### What is being asked
Provide an exact copy of the data, excluding the images.

### Data shown
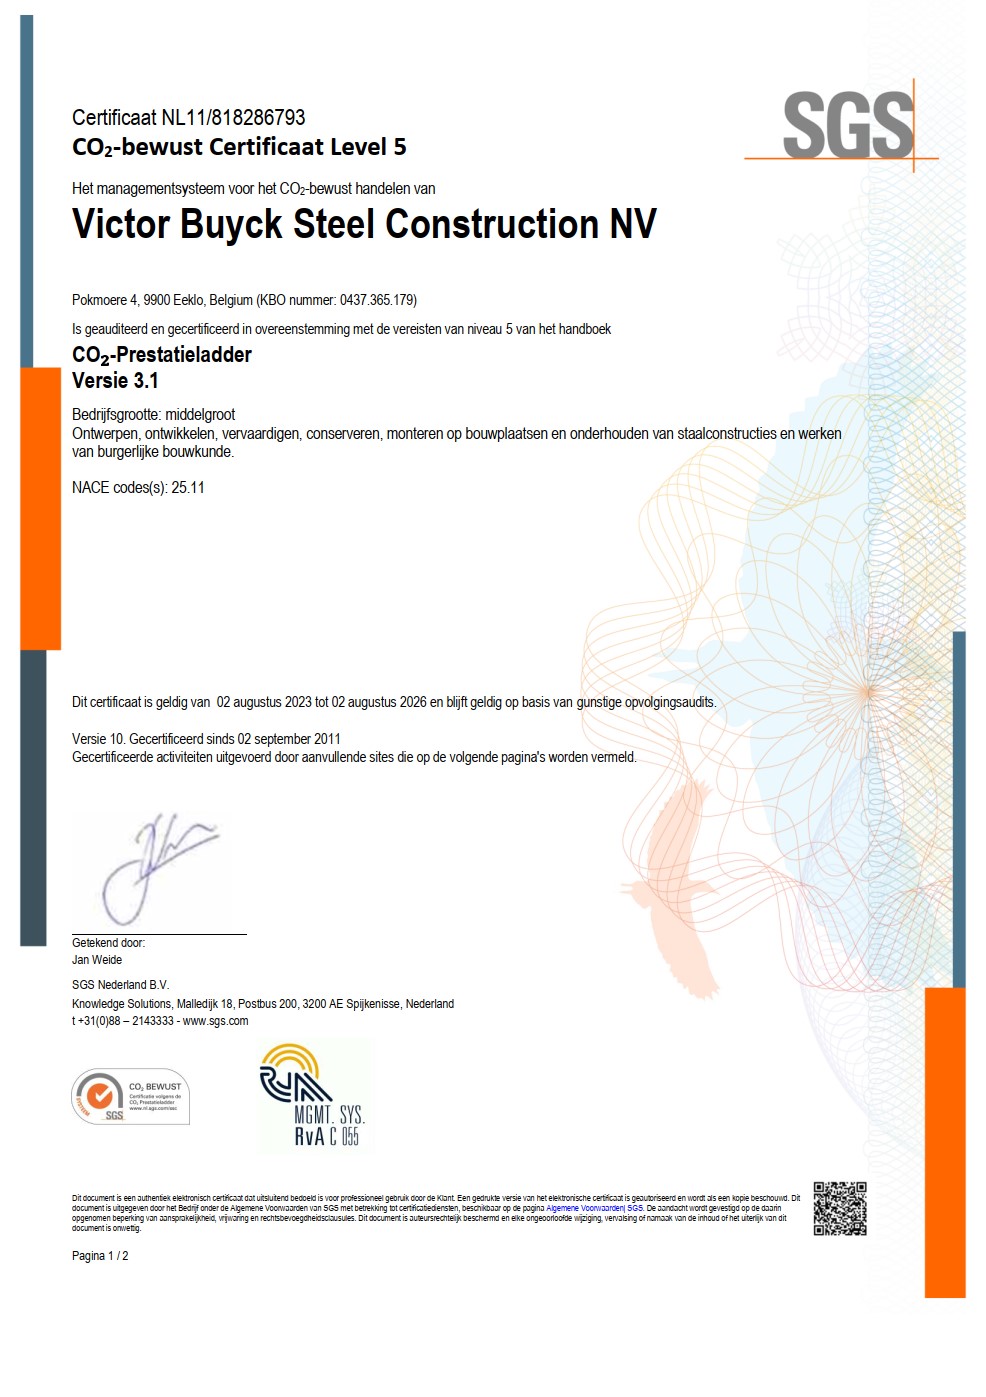 Victor Buyck Steel Construction - CO2 Prestatieladder niveau 5 certificaat (NL).jpg
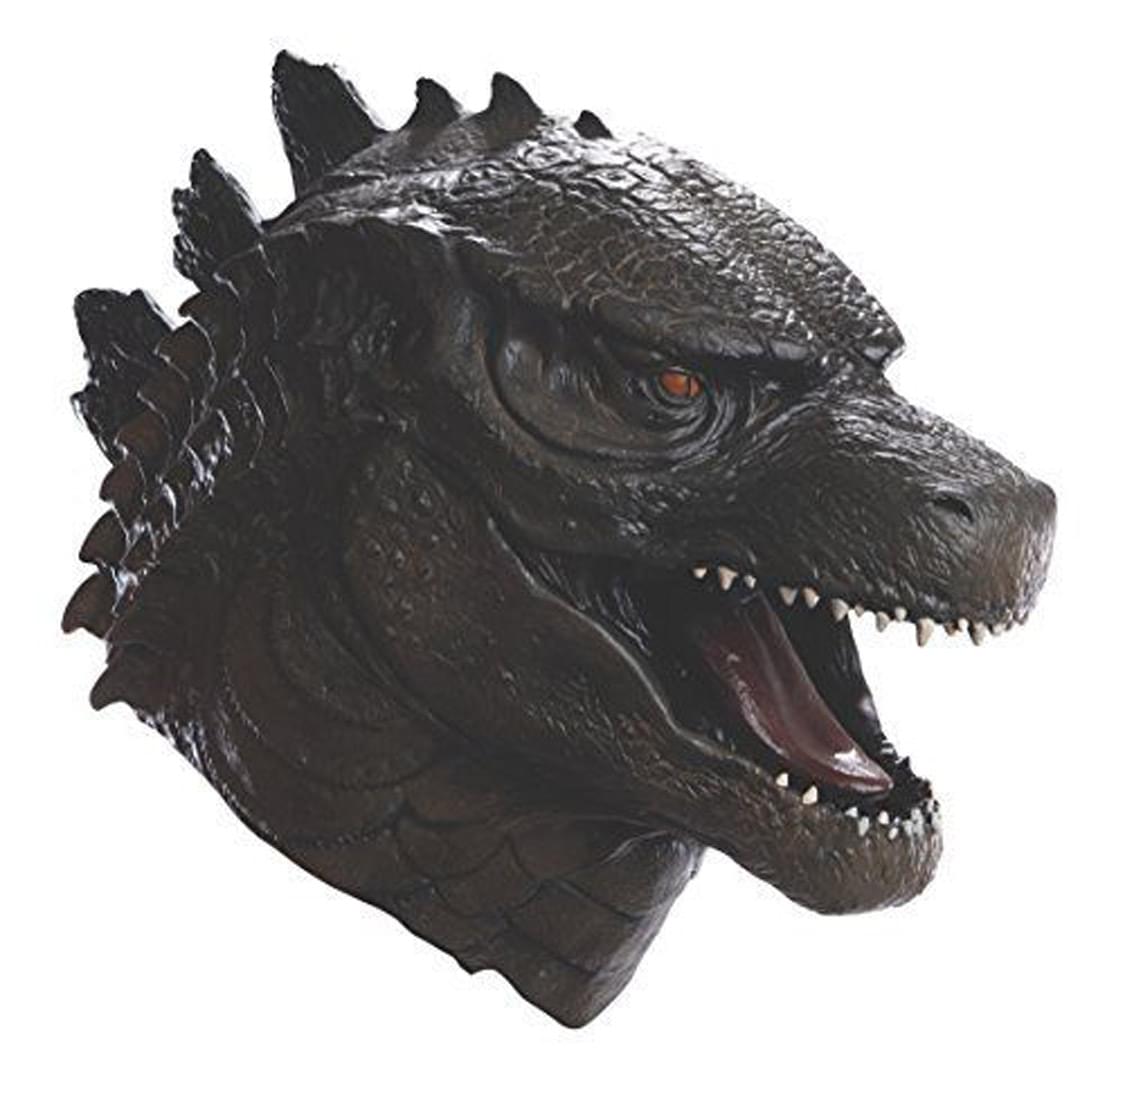 Godzilla Deluxe OverHead Latex Costume Mask Adult
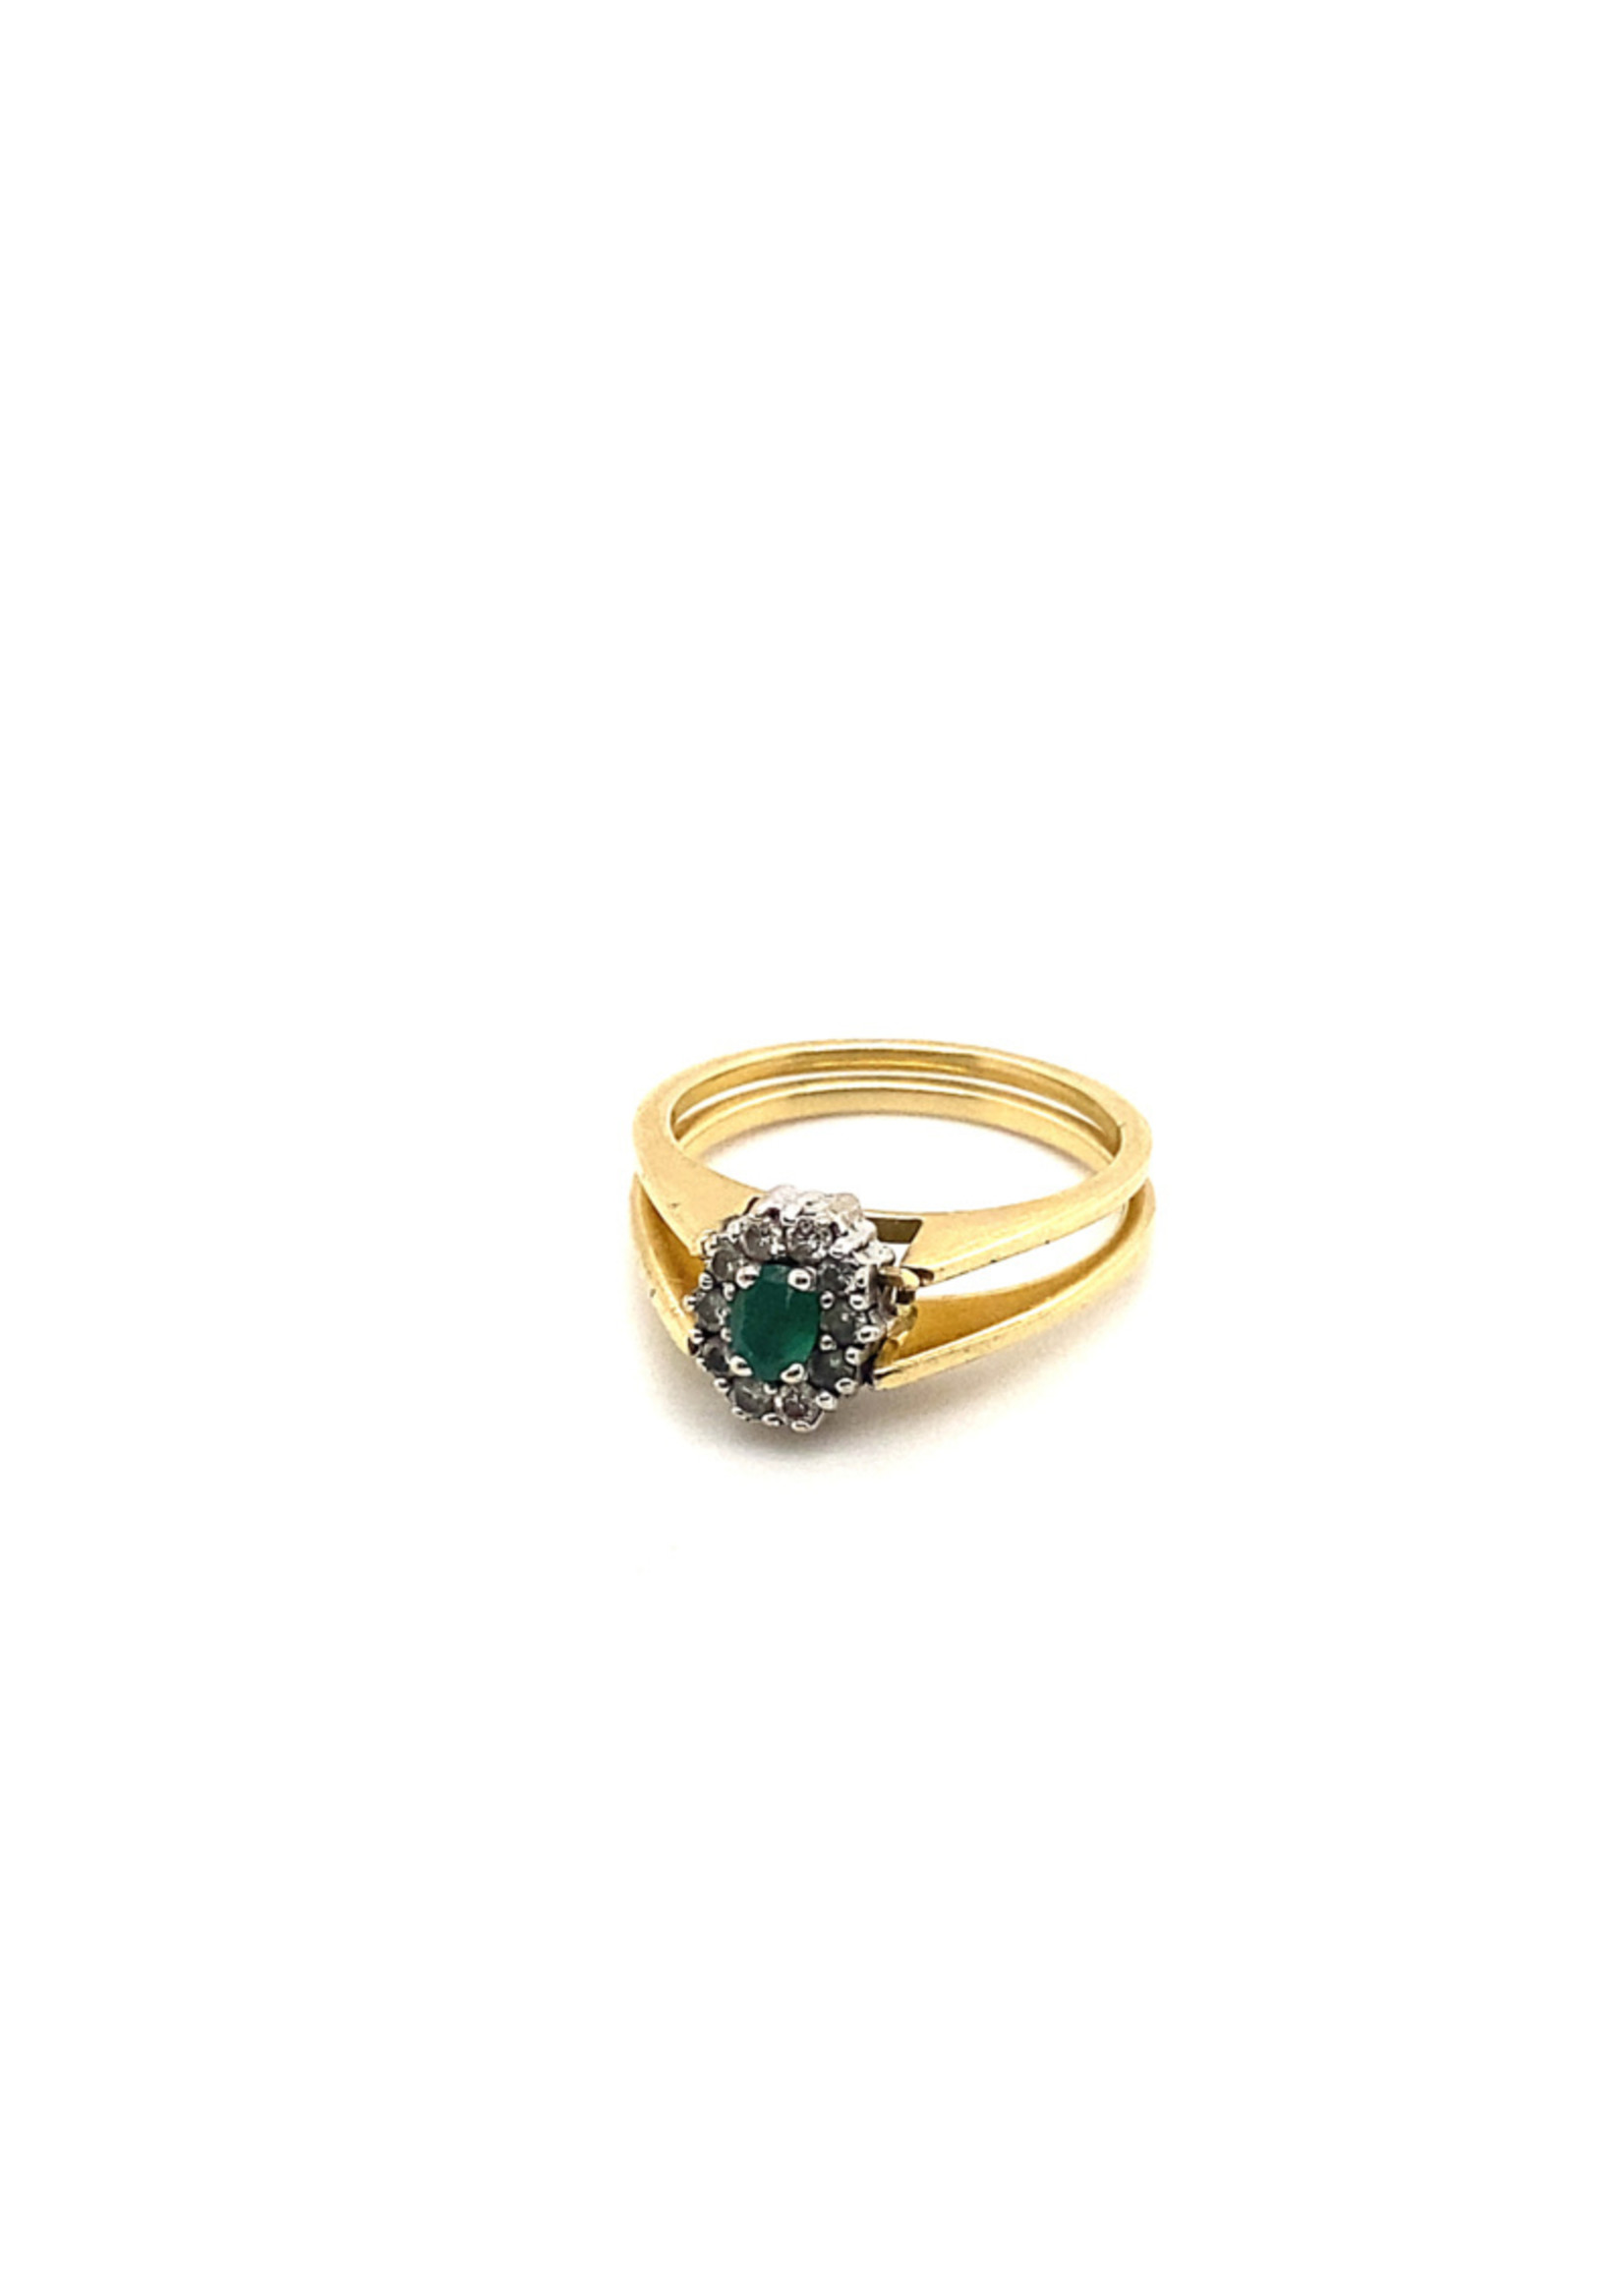 Vintage & Occasion Occasion wisselbare bicolor entourage ring met saffier, smaragd en diamant

### Task response
 Victor Buyck Steel Construction - CO2 Prestatieladder niveau 5 certificaat (NL).jpg
 Godzilla Deluxe OverHead Latex Costume Mask Adult
 Vintage & Occasion Occasion wisselbare bicolor entourage ring met saffier, smaragd en diamant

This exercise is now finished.